# Available data
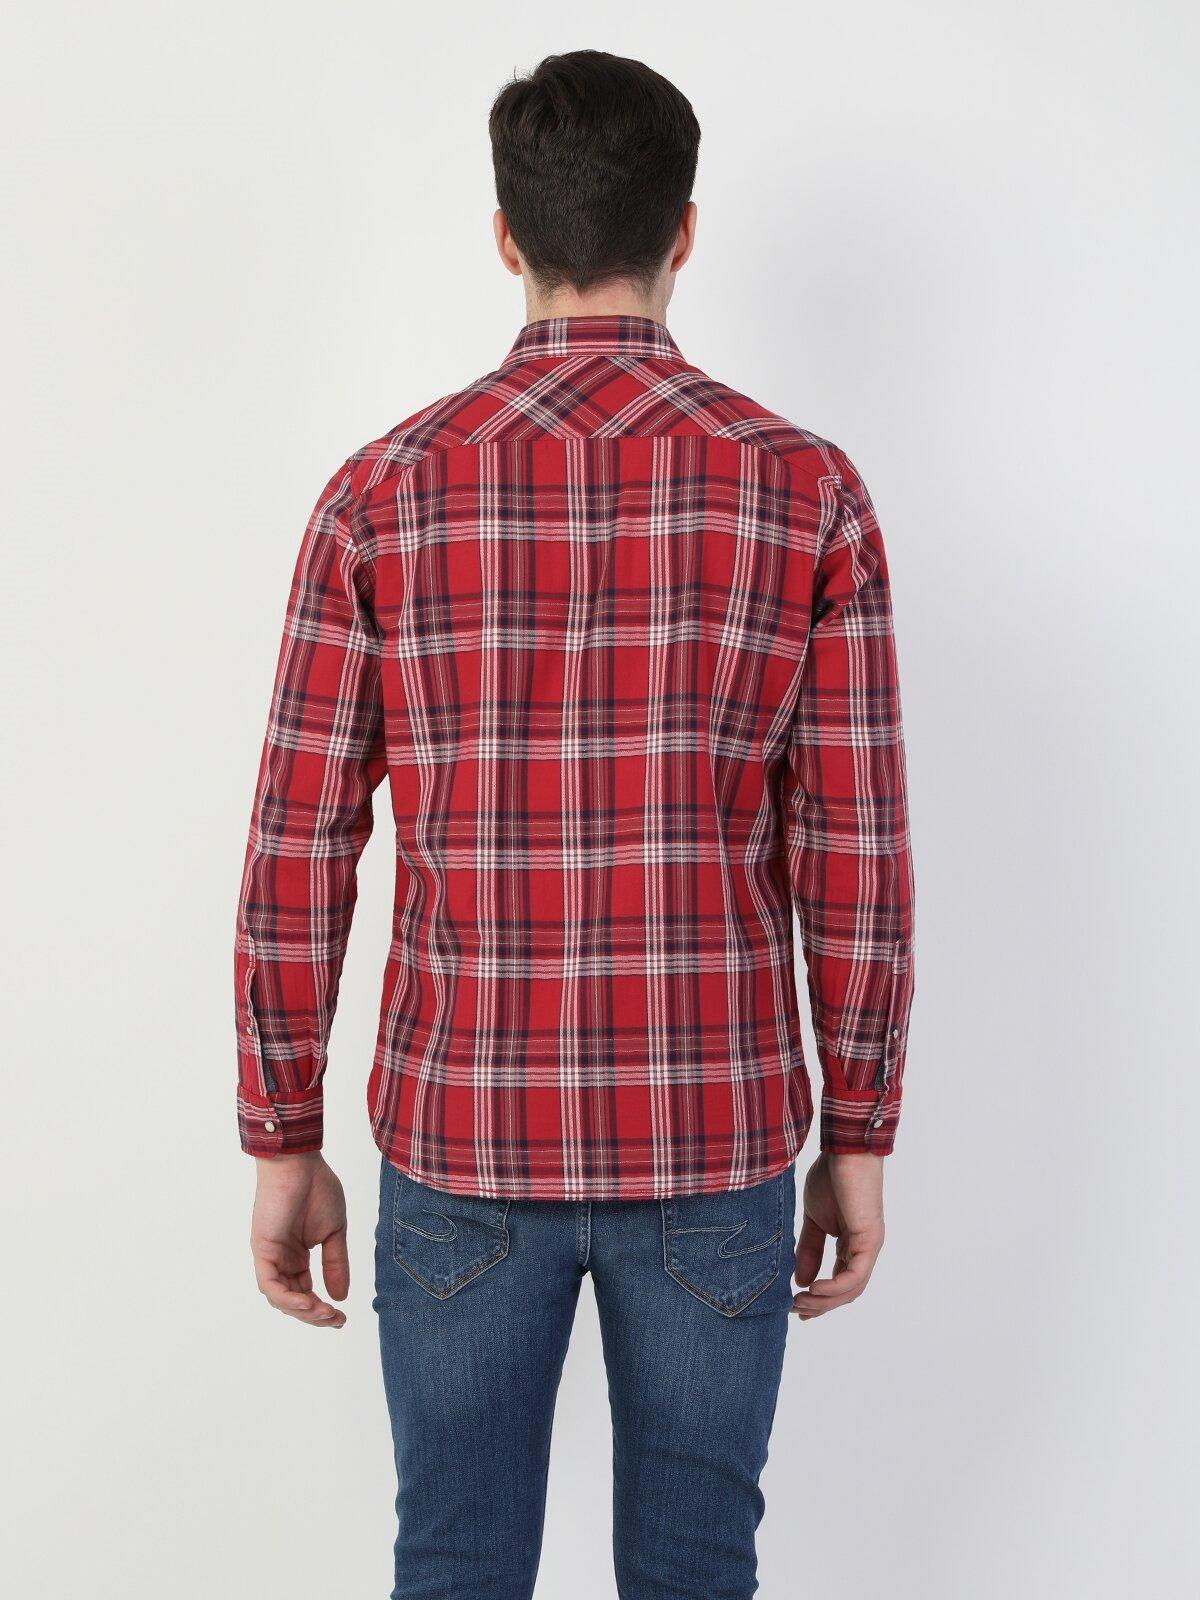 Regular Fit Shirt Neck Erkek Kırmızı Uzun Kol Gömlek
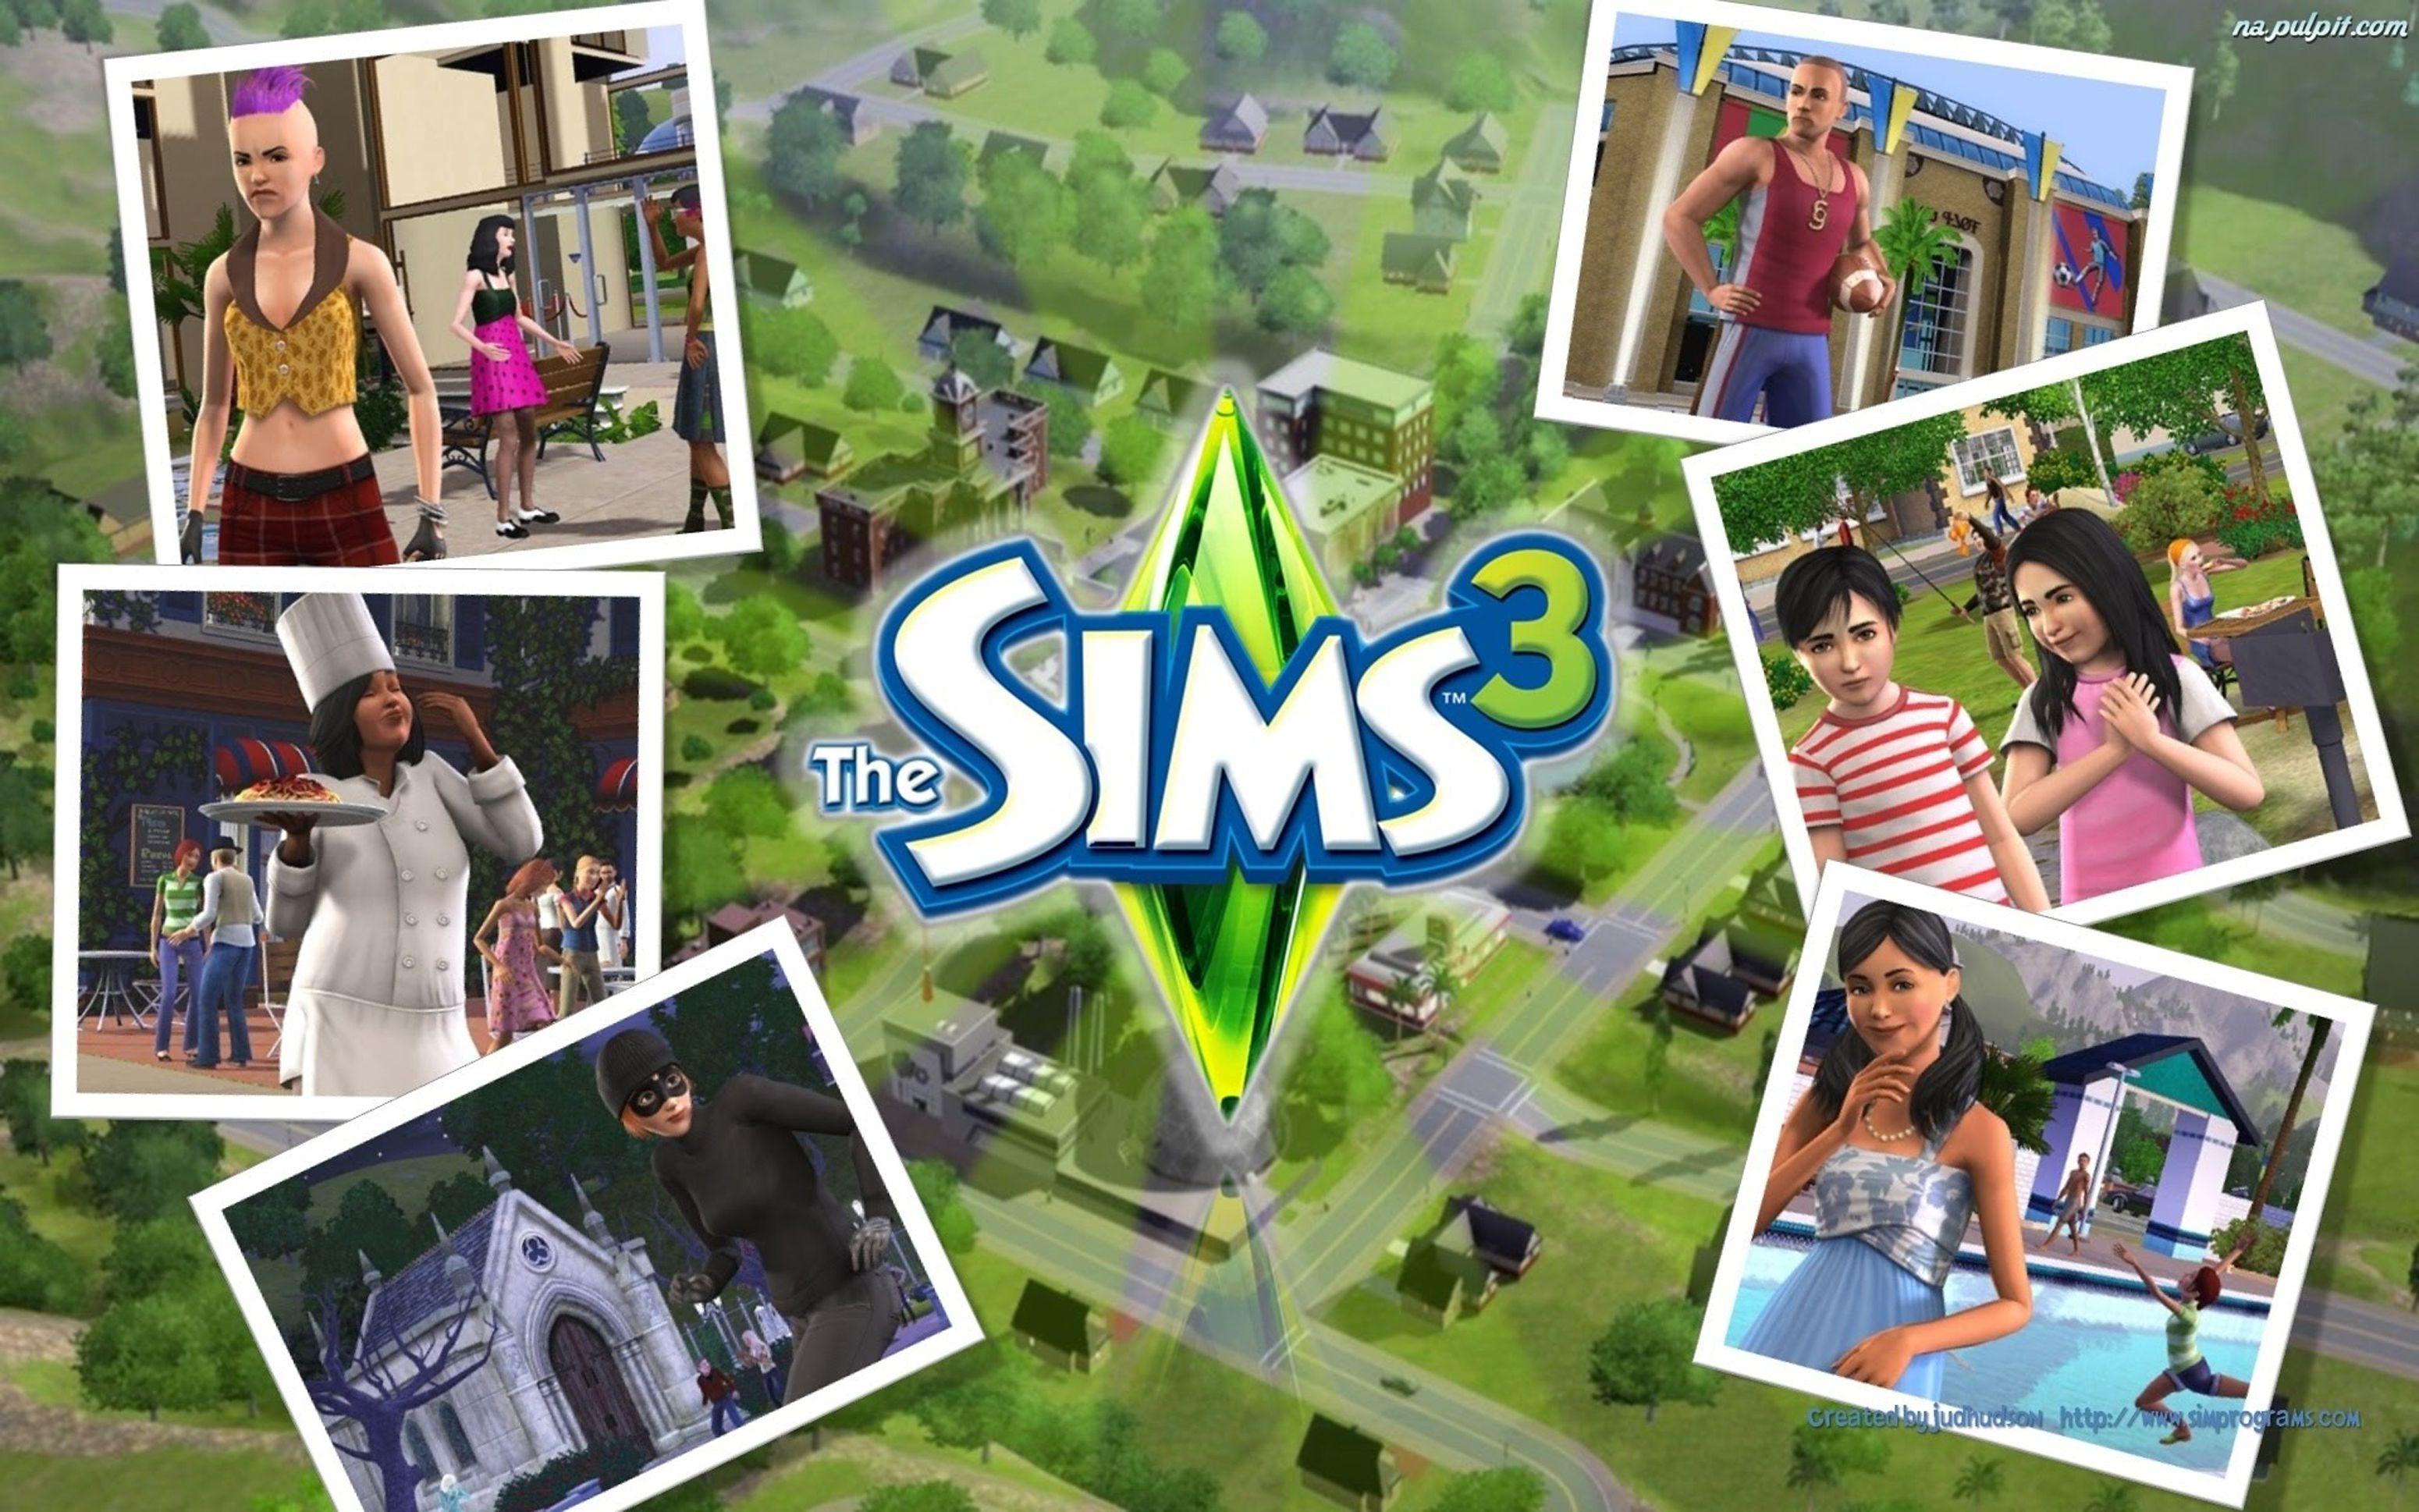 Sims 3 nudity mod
* * *
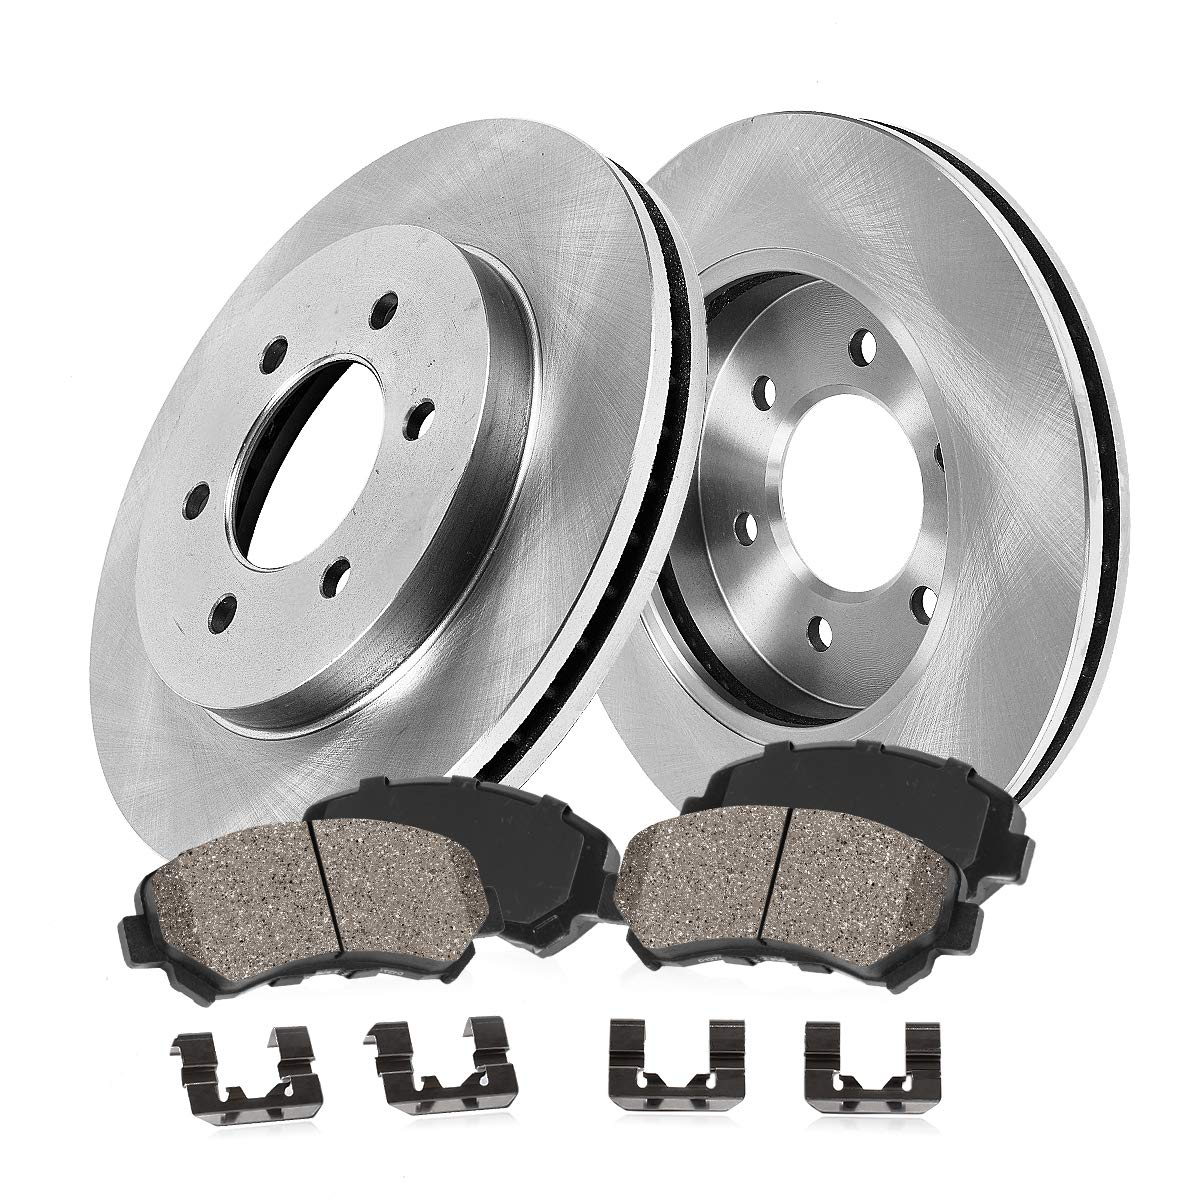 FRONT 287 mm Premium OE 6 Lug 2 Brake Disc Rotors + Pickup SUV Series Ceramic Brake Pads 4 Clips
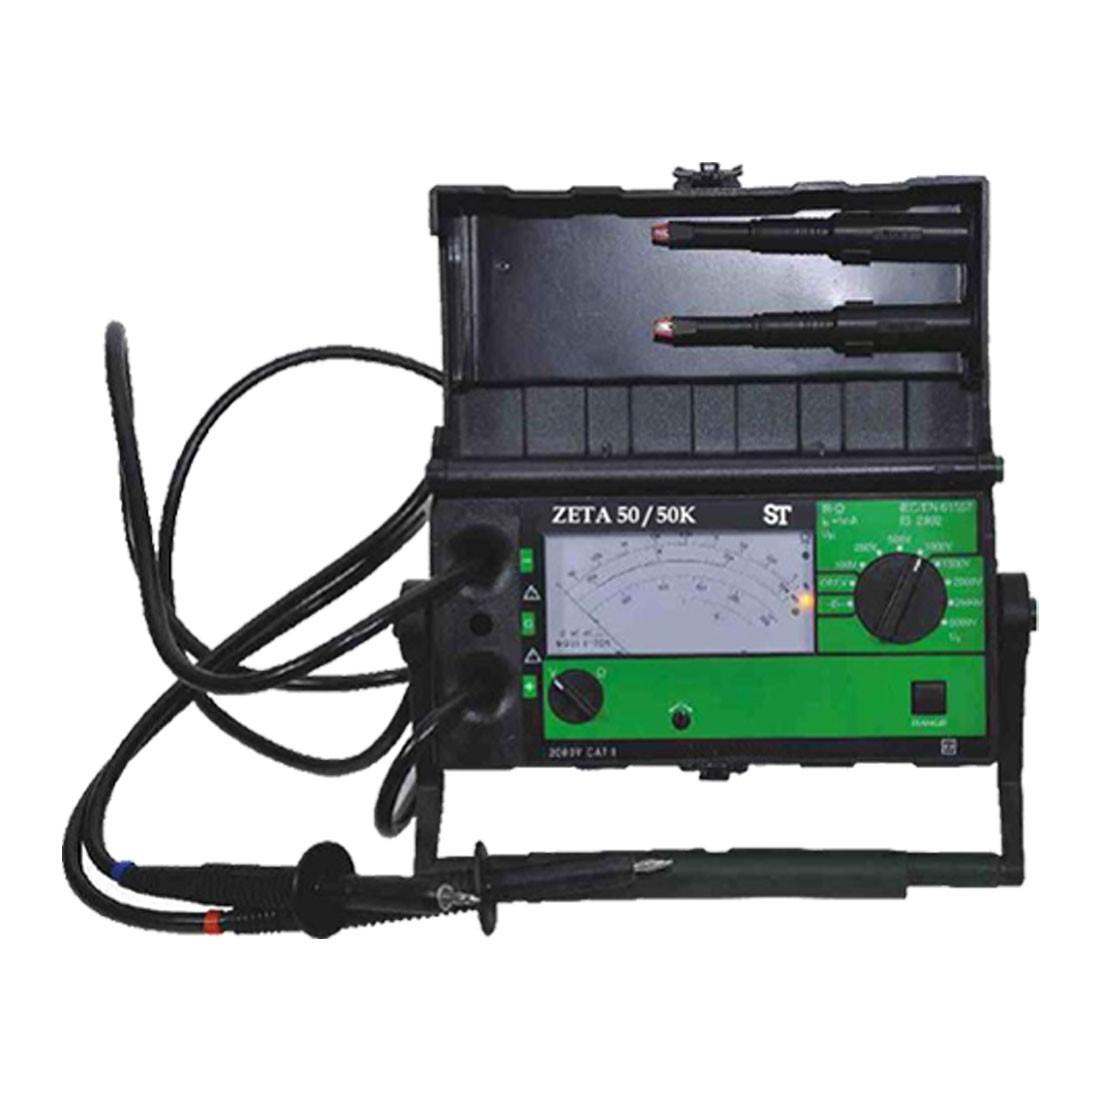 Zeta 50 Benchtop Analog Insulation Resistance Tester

# Your task
Would you give again, exactly, the lines in the data above that run from the line containing "Regular Fit Shirt" to the line containing "Sims 3 nudity mod"? Include both ends and no pictures.

# Exercise answer
 Regular Fit Shirt Neck Erkek Kırmızı Uzun Kol Gömlek
 Sims 3 nudity mod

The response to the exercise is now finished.